Because of the way the economy works certain software packages get popular and widely used. Users of these systems must assemble and ask with some regularity for evidence that the product responds to suitable test data (in this case one must petition for the inclusion of data that includes various genders and races). We have non-governmental bodies that do this all the time -- notably the ASTM.

But This Article Was About Math

Right-o. It was. Specifically it was about why we shouldn't go about trying to police algorithms. For this I have to pull out an old book titled, Mathematics for the Nonmathematician by Morris Kline, Dover Press, 1967. The section of interest is buried at the end of 14-5 THE MOTION OF PROJECTILES FIRED AT AN ARBITRARY ANGLE:

...One could repeat the procedures pursued in the preceding section, using different initial velocities and angles of fire, and thus perhaps obtain answers to some of these questions. But the work would be considerable and still leave us with the problem of trying to infer a general conclusion from a number of special cases. The mathematician would not proceed in this way. He [...it was 1967...mankind was referred to as 'he' back then] would suppose that the initial velocity is an arbitrary value, V, and that the angle of fire is an arbitrary angle, A, and then study the motion with these arbitrary values V and A. He might thereby obtain conclusions about all such motions because his results would hold for any initial velocity and any angle of fire.

The previous quote precisely describes how algorithms are produced. They are abstractions derived from special cases which are then rigorously tested against more data (or against formal proving methods) to verify that they are indeed applicable to a wider set of cases.

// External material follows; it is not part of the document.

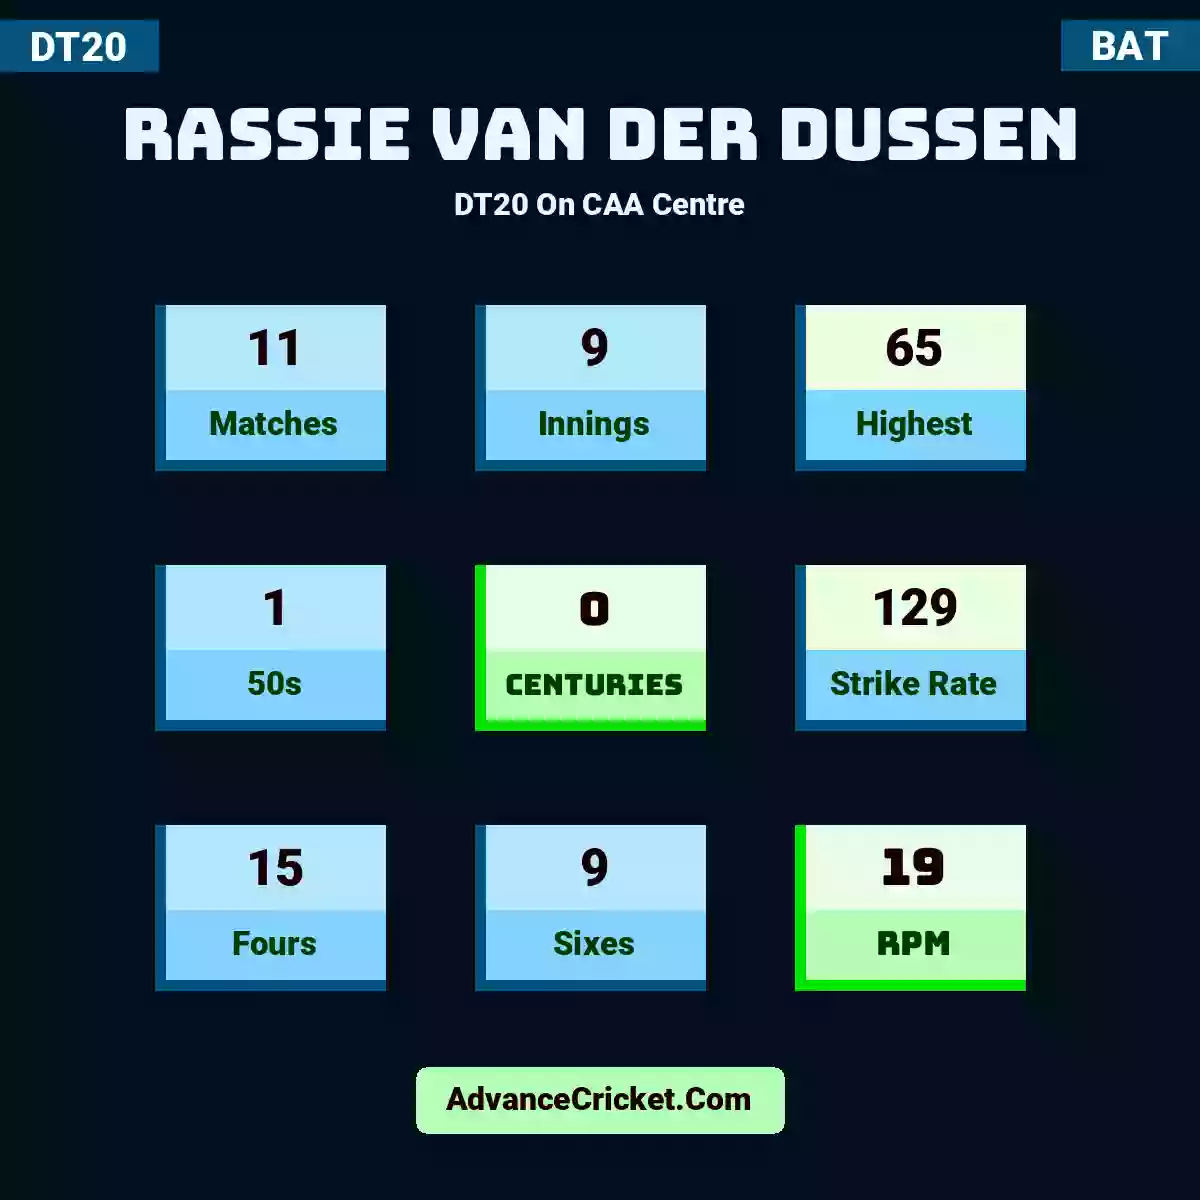 Rassie van der Dussen DT20  On CAA Centre, Rassie van der Dussen played 11 matches, scored 65 runs as highest, 1 half-centuries, and 0 centuries, with a strike rate of 129. R.Dussen hit 15 fours and 9 sixes, with an RPM of 19.

This is why policing them threatens research, learning, and even human thought. Your data will likely not accompany the algorithm as it treks it way through the validation process. This is where computer science diverges a bit from other types of science. Published algorithms are almost always divorced from test data and used repeatedly in different settings for validation merely with a description of recommended applicability. A good example that people often do not even remember is the disclaimer that came with the first versions of Java warning users to avoid using the language and the virtual machine in settings where human life might be lost. People in computer science look for and read these descriptions and apply the code and/or algorithms accordingly.

So, for projectile trajectory we must say that it works for any initial velocity and any angle of fire but our description must include the caveat that we only tested it on our own planet -- it might or might not work on Venus for instance. The business of testing it on Venus is for the the next person to accomplish and publish their modification to include other planets or a basic warning not to use it at all anymore. This process goes on and basically forever.

Companies that want to commercialize technology will likely ignore these admonishments (they probably do not fully understand them anyway) and might rush a technology to market in hopes of recouping their considerable investments or to corner a market early before the tools actually mature. Whatever the reason -- the point is that algorithms are neither good nor evil -- they describe something abstractly and were developed under circumstances that simply need to be openly disclosed. This is one of those 'Frankenstein' type problems that has been created by science (like flurocarbons) and requires industry/science remediation before any discussion of government action should even take place.